Demikianlah sekelumit peran perempuan dalam dunia politik Indonesia masa lalu.
Namun, di balik gambaran status sosial yang tinggi di dunia politik tradisional itu, kita juga
akan mendapat gambaran sebaliknya. Citra perempuan sebagai mahluk kelas dua, konco
wingking, dapat kita kenali dari bebagai historiografi tradisional yang ada di Indonesia.

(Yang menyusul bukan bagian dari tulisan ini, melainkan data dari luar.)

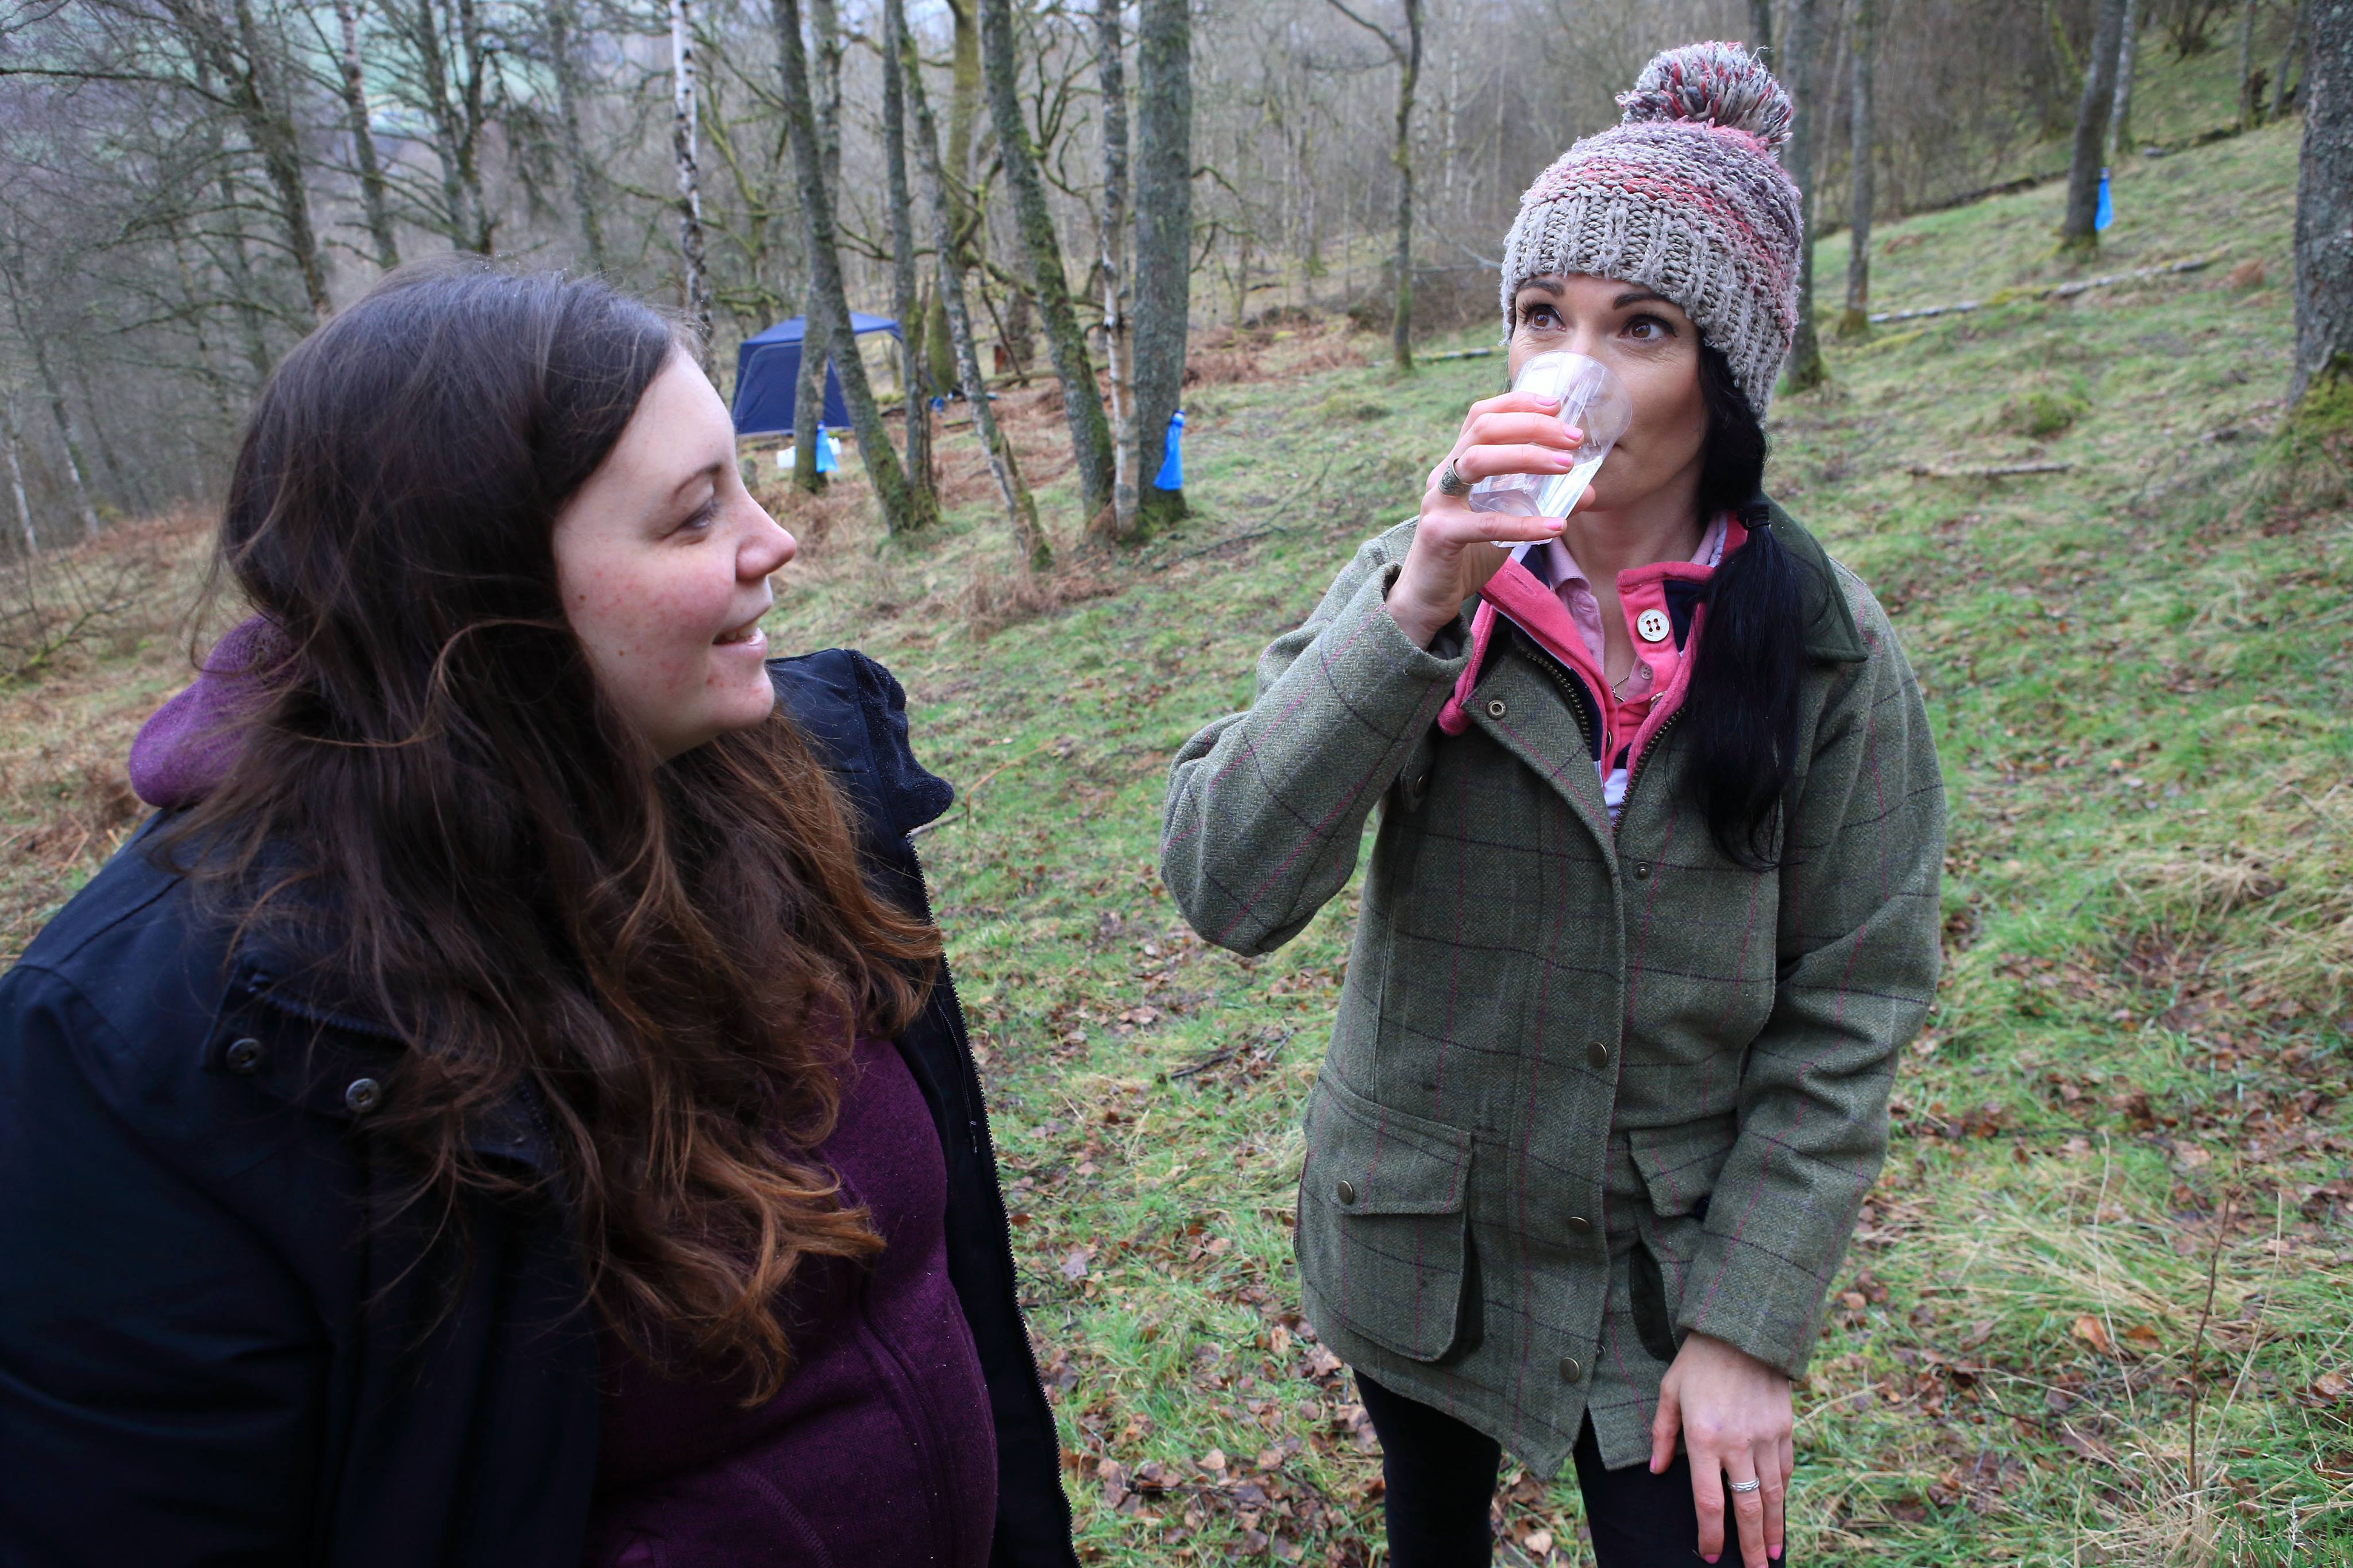 Gayle Ritchie enjoys birch water fresh from the tree while Gabrielle Clamp of Birken Tree looks on.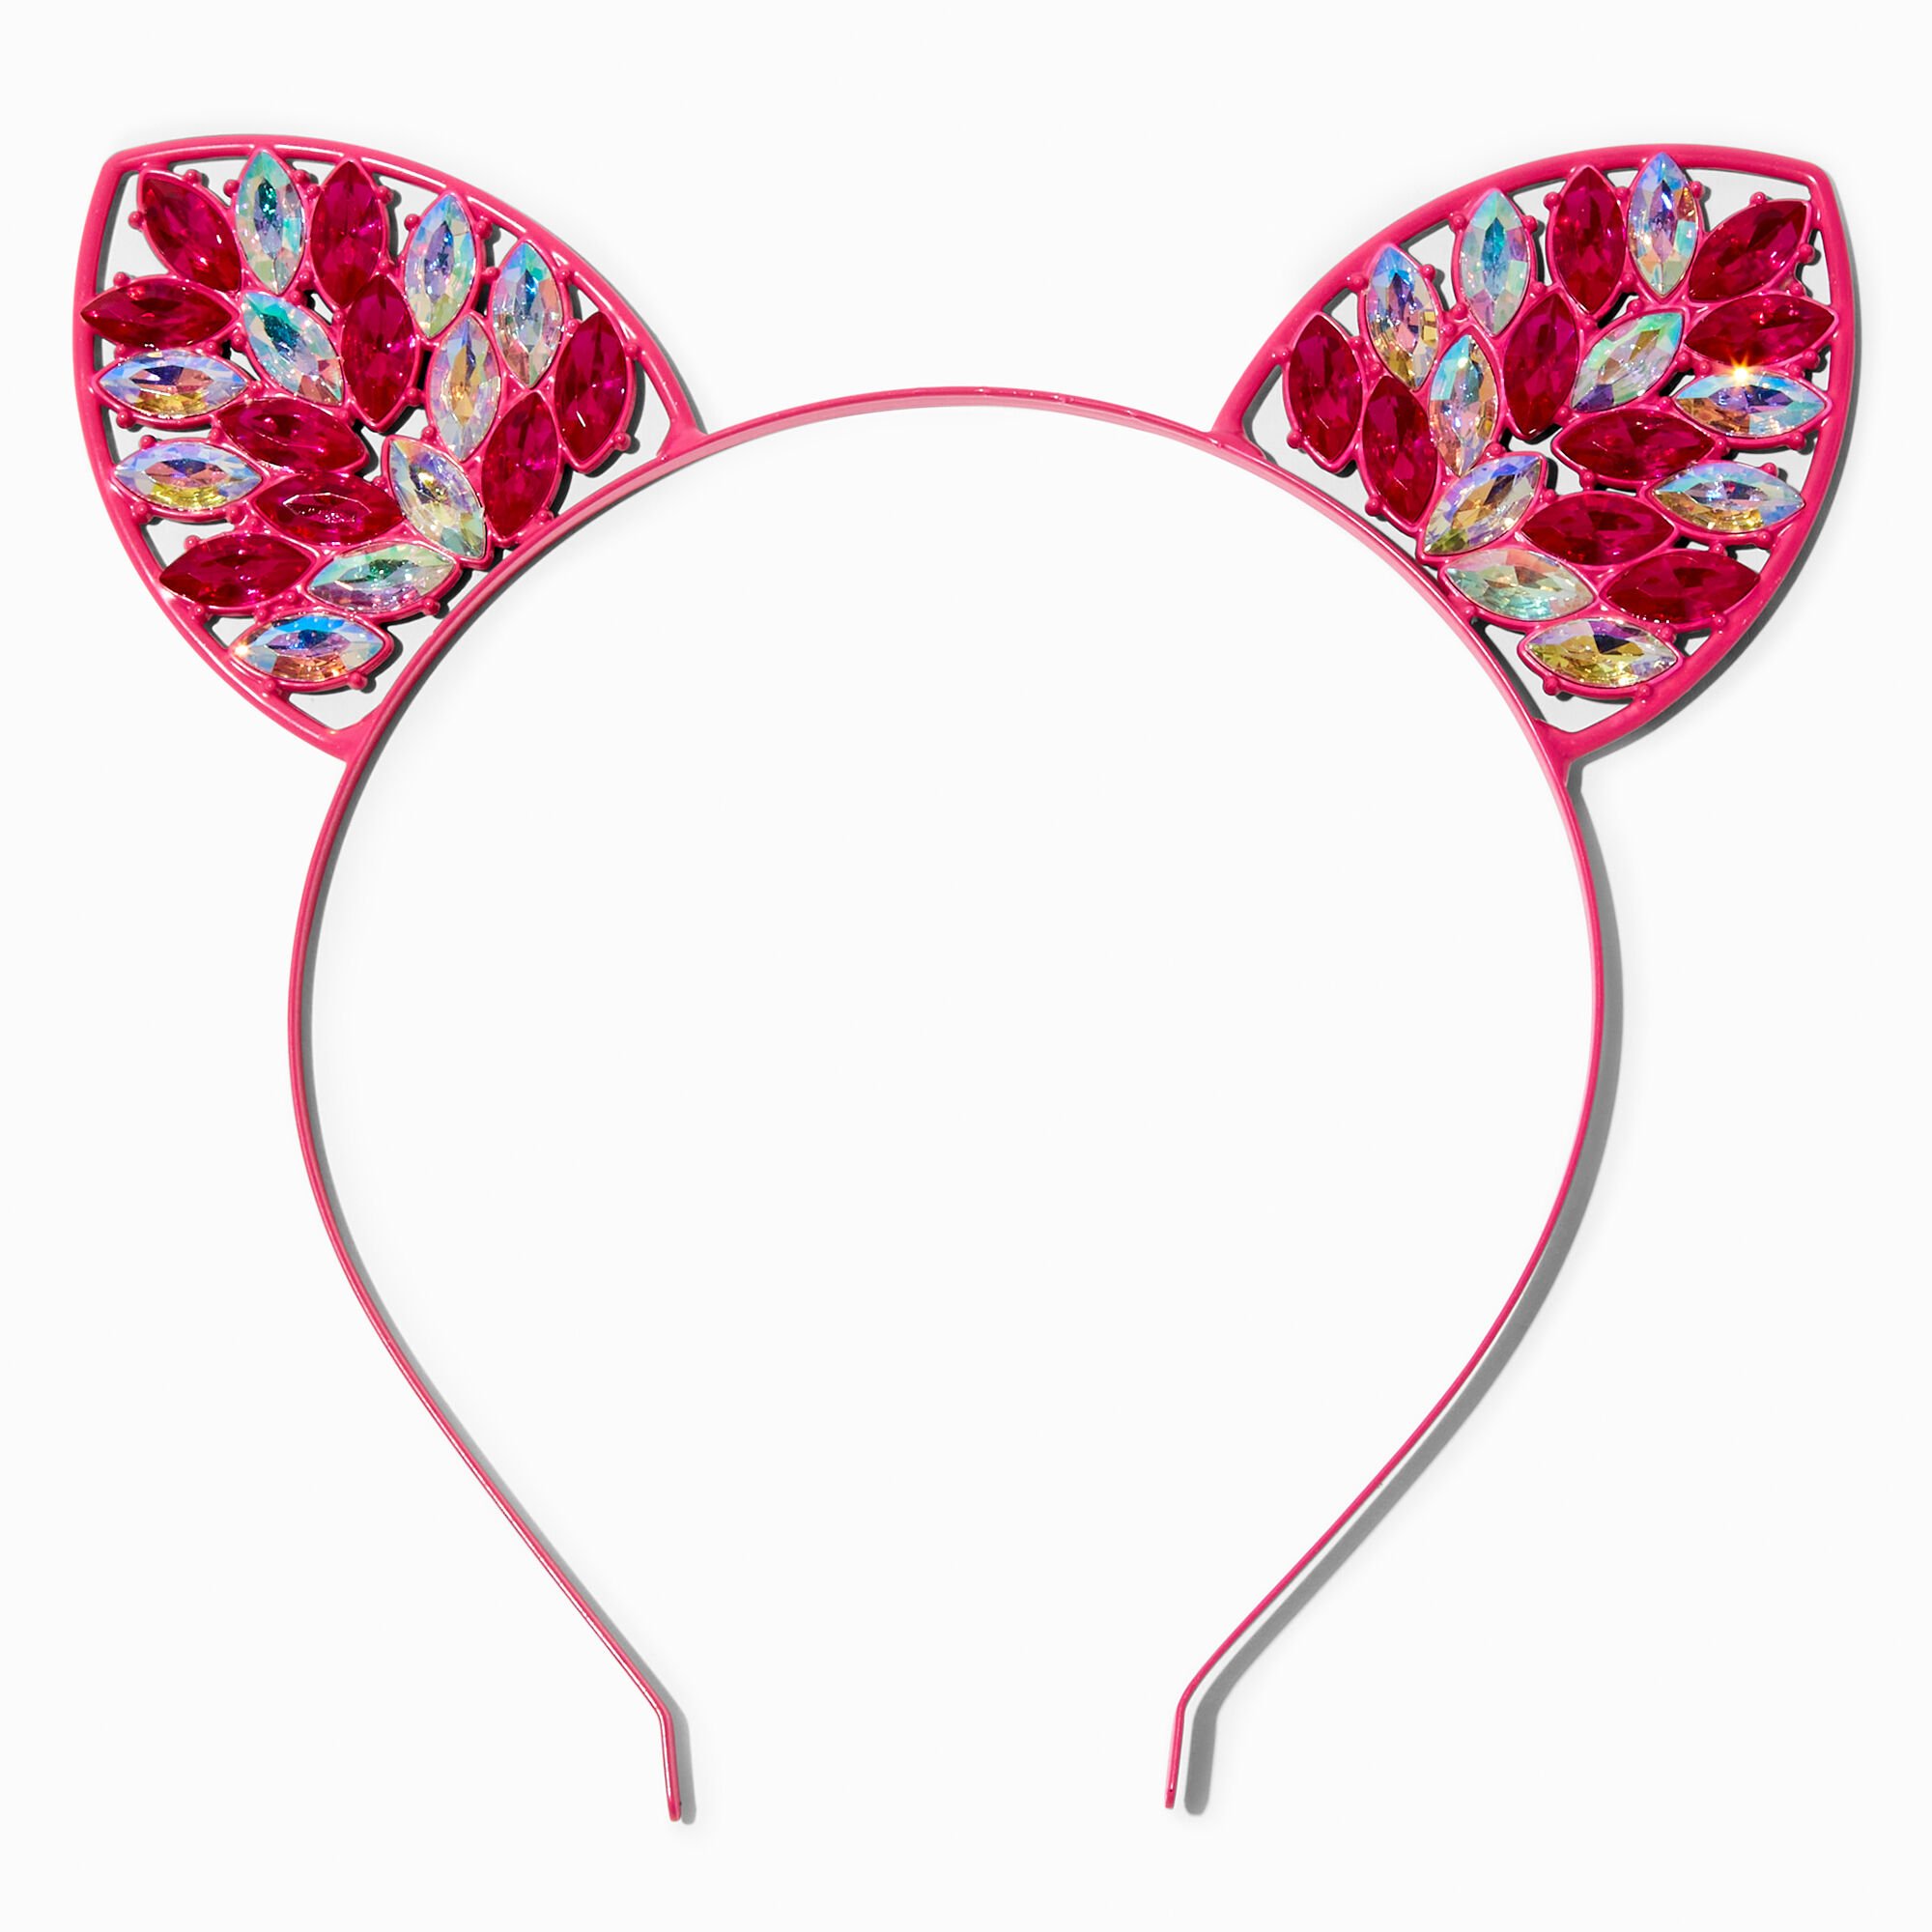 View Claires Gemstone Cat Ears Headband Pink information

Penulis mengambil contoh dari historiografi tradisional yang ada di Tatar Sunda, yang sudah
penulis dalami selama ini.
Status sosial perempuan Sunda pada abad ke-19 antara lain tersirat dalam salah satu
historiografi tradisional yang berjudul Sajarah Sukapura. Karya yang ditulis pada tahun
1886 oleh Raden Kanduruan Kertinagara (1835-1915) alias Haji Abdullah Soleh, mantan
Wedana Manonjaya ini berisi kisah para leluhur Sukapura, ceritera Dipati Ukur, dan
pemerintahan para bupati Sukapura sejak yang pertama hingga bupati ke-12, yaitu Bupati
R.A.A Wirahadiningrat (1875-1906).
Ada bagian yang menarik dalam karya ini yang berkaitan dengan perempuan, yaitu
pada bagian VIII. Pada bagian ini dikisahkan tentang tiga orang anak buah Dipati Ukur, yang
bernama Wirawangsa, Samahita, dan Astramanggala. Ketiga orang ini dianugerahi kebebasan
dari tugas dan kewajiban oleh Sultan Mataram, karena mereka dianggap berjasa dalam
penangkapan Dipati Ukur yang dianggap berkhianat kepada Sultan Mataram. Akan tetapi
ketiganya merasa tidak puas atas anugerah itu. Lalu ketiga orang itu sepakat untuk
mempersembahkan tiga orang gadis cantik kepada Sultan Mataram. Ternyata sultan merasa
senang atas persembahan itu, dan sebagai imbalan atas kesetiaan mereka, ketiganya
kemudian diangkat menjadi mantri agung (setingkat bupati). Jelaslah bahwa di sini
perempuan dianggap sama dengan benda yang bisa dipersembahkan sebagai upeti .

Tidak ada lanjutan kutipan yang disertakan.